Se la politica monetaria del rigore (cioè, mirata alla bassa
inflazione) fu la prima componente del neoliberismo a essere messa in
atto nei primi anni ’80, la seconda fu la teoria economica dal lato
dell’offerta. Reagan riteneva che dare più soldi a chi era già ricco
fosse un modo per stimolare la crescita economica, partendo dall’ipotesi
che li avrebbero investiti in maggiore capacità produttiva, creando
così profitti che sarebbero gradualmente “gocciolati” verso il resto
della società (che non aveva lavoro, come vedremo). A tal fine, diminuì
l’aliquota d’imposta marginale superiore dal 70% al 28% e ridusse
l’imposta più alta sui capitali al 20%, il livello più basso dalla
Grande Depressione. Un effetto meno noto correlato a questi tagli è che
Reagan ha anche aumentato le tasse sui salari della classe
lavoratrice, spostandosi verso l’obiettivo repubblicano di una “flat
tax” generalizzata. Un terzo componente del piano economico di Reagan
consisteva nel deregolamentare il settore finanziario. Poiché Volcker
rifiutava di sostenere questa politica, Reagan nominò al suo posto Alan
Greenspan nel 1987. Greenspan – un monetarista fautore di tagli fiscali e
della privatizzazione della sicurezza sociale – è stato riconfermato da
una serie di presidenti sia repubblicani sia democratici fino
al 2006. La deregolamentazione da lui avviata ha finito per scatenare la
crisi finanziaria globale del 2008, durante la quale a milioni di
persone sono state pignorate le case.[2]
Nel complesso, queste politiche (che durante lo stesso periodo
venivano simmetricamente applicate da Margaret Thatcher in Gran
Bretagna, insieme alle privatizzazioni selvagge) hanno portato la
disuguaglianza sociale negli Stati Uniti a livelli senza precedenti,
come dimostrano i seguenti grafici. Il grafico 1 mostra come la
produttività abbia continuato ad aumentare costantemente durante questo
periodo mentre i salari sono crollati dopo il Volcker Shock del 1979,
spostando effettivamente una percentuale crescente di plusvalore dai
lavoratori al capitale. Illustrando ulteriormente questa tendenza, gli
stipendi dei CEO sono aumentati in media del 400% durante gli anni ’90,
mentre i salari dei lavoratori sono aumentati di meno del 5% e il
salario minimo federale è diminuito di oltre il 9%[3]. Il
grafico 2 mostra come la quota del reddito nazionale accaparrata dagli
strati più alti della società sia aumentata a un ritmo allarmante: la
quota che va all’1% superiore è più che raddoppiata dal 1980, dall’8% al
18% (lo stesso vale per la Gran Bretagna, con un balzo dal 6,5% al
13% durante questo periodo), ripristinando livelli che non si vedevano
dall’epoca vittoriana. Secondo i dati del censimento, il 5% più ricco
delle famiglie americane ha visto aumentare i propri redditi del 72,7%
dal 1980, mentre contemporaneamente i redditi medi delle famiglie
ristagnavano e per il 20% inferiore i redditi diminuivano del 7,4% [4].
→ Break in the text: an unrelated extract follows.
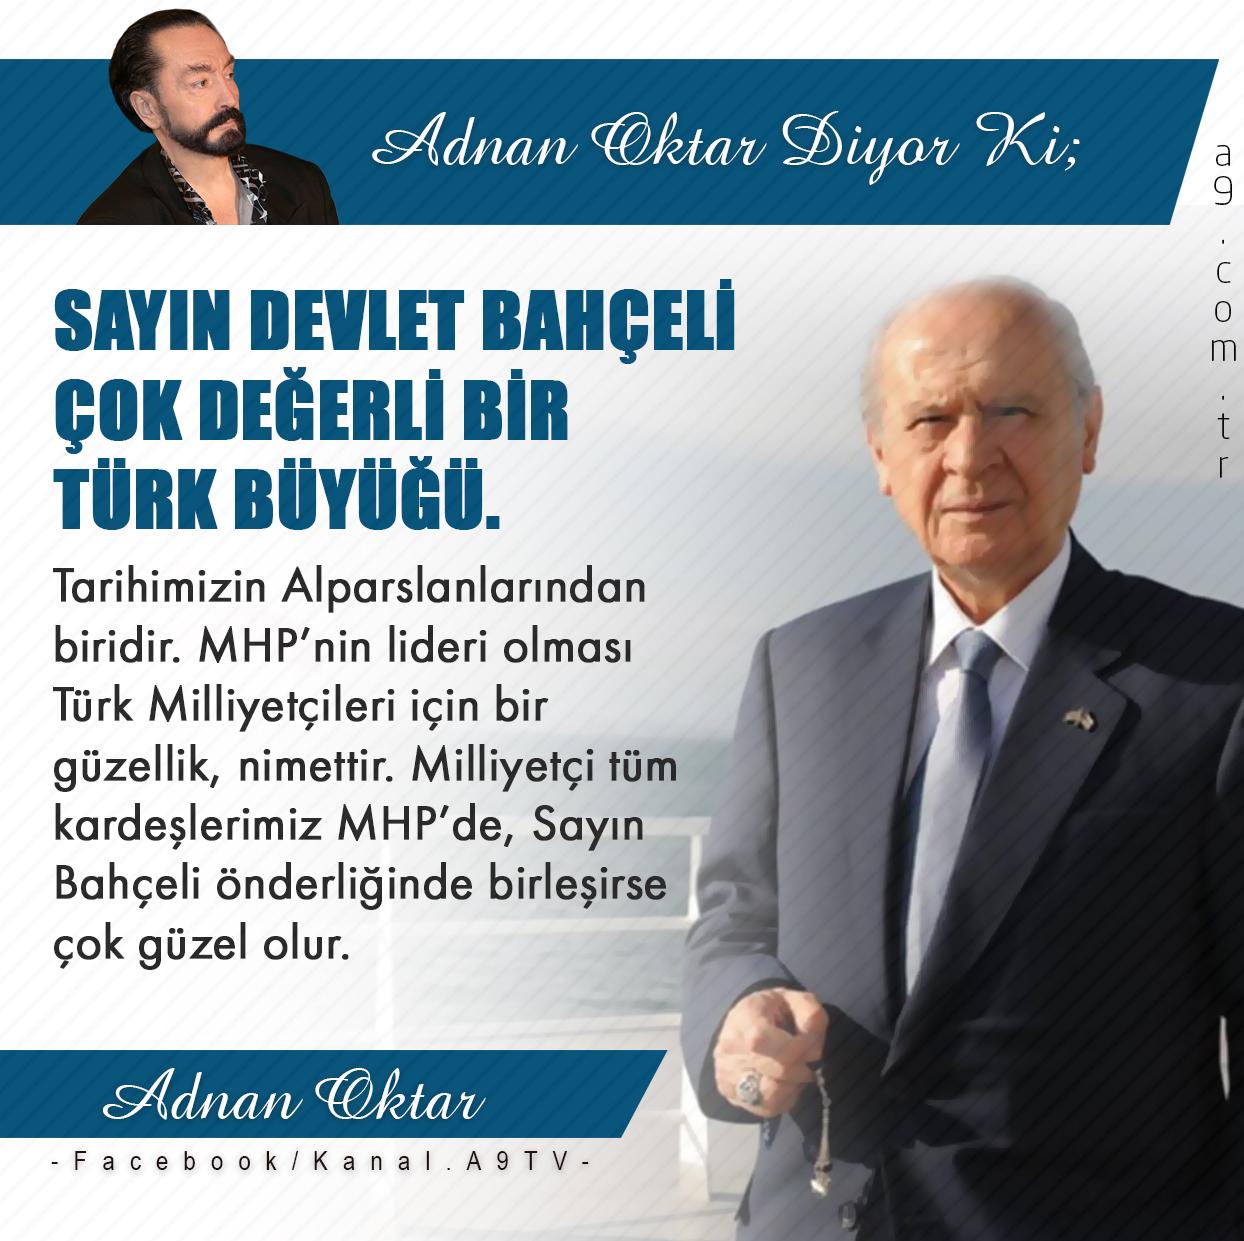 """<table style=""""width: 100%;""""><tr><td style=""""vertical-align: middle;"""">Sayın Devlet Bahçeli çok değerli bir Türk büyüğü. Tarihimizin Alparslanlarından biridir. MHP'nin lideri olması Türk Milliyetçileri için bir güzellik, nimettir. Milliyetçi tüm kardeşlerimiz MHP'de, Sayın Bahçeli önderliğinde birleşirse çok güzel olur.</td><td style=""""max-width: 70px;vertical-align: middle;""""> <a href=""""/downloadquote.php?filename=1512539865333.jpg""""><img class=""""hoversaturate"""" height=""""20px"""" src=""""/assets/images/download-iconu.png"""" style=""""width: 48px; height: 48px;"""" title=""""Resmi İndir""""/></a></td></tr></table>"""

Figura 1. L’attacco al lavoro: salari reali e produttività negli Stati Uniti, 1960-2000
Fonte: R. Pollin, Contours of Descent (New York, Verso, 2005).
Figura 2. Quota del reddito nazionale, 1979-2008
Fonte: Mother Jones Magazine, basata sui dati del censimento degli Stati Uniti
Altro che effetto cascata;
come ha giustamente affermato l’economista di Cambridge Ha-Joon Chang,
“rendere più ricchi i ricchi non rende più ricco il resto di tutti noi”.
Né stimola la crescita economica, che è l’unica giustificazione per le
politiche economiche dal lato dell’offerta. In realtà, è vero il
contrario: dall’inizio del neoliberalismo, il tasso di crescita medio
pro capite dei paesi industrializzati è sceso dal 3,2% al
2,1%.[5] Come mostrano questi numeri, il neoliberismo ha completamente
fallito come strumento di sviluppo economico, ma ha funzionato
brillantemente come espediente per ripristinare il potere della ricca
élite.
Se la politica neoliberista è stata così distruttiva per la maggior
parte della società, com’è possibile che i politici siano riusciti a
farla passare? In parte ciò ha a che fare con la disfatta delle
organizzazioni dei lavoratori dopo il Volcker Shock, la demonizzazione
dei sindacati come “soffocanti” e “burocratici”, i tentativi della
sinistra di prendere le distanze dal socialismo dopo il crollo
dell’Unione Sovietica, e l’ascesa del “consumatore” come figura chiave
della cittadinanza, particolarmente in America. Potremmo anche indicare
la crescente influenza delle lobby corporative nel sistema politico
statunitense e i conflitti di interesse
recentemente venuti alla luce tra gli economisti accademici finanziati
da Wall Street. Ma forse, cosa più importante, a livello ideologico il
neoliberismo è stato commercializzato con successo attraverso il tipico
valore americano della “libertà individuale”[6]. Think-tank conservatori
come la Mont Pelerin Society, la Heritage Foundation e la Business
Roundtable hanno dedicato gli ultimi quarant’anni della propria attività a spacciare l’idea che
la libertà individuale possa essere realmente raggiunta solo attraverso
la “libertà” del mercato. Per loro, qualsiasi forma di intervento
statale può condurre al totalitarismo. Questa visione ha acquisito
credito quando le due icone della teoria neoliberista – Frederich Von
Hayek e Milton Friedman – hanno vinto il Premio Sveriges Riksbank negli
anni ’70, un premio comunemente indicato come “il Premio Nobel per
l’Economia”, nonostante sia in realtà assegnato da banchieri svedesi e
non dalla Fondazione Nobel.
Il Neoliberismo sulla scena internazionale
Non solo i paesi occidentali come gli Stati Uniti e la Gran Bretagna
hanno sperimentato il neoliberismo nelle proprie economie, ma lo hanno
anche aggressivamente – e spesso violentemente – imposto al mondo
post-coloniale, addirittura in modo ancora più estremo.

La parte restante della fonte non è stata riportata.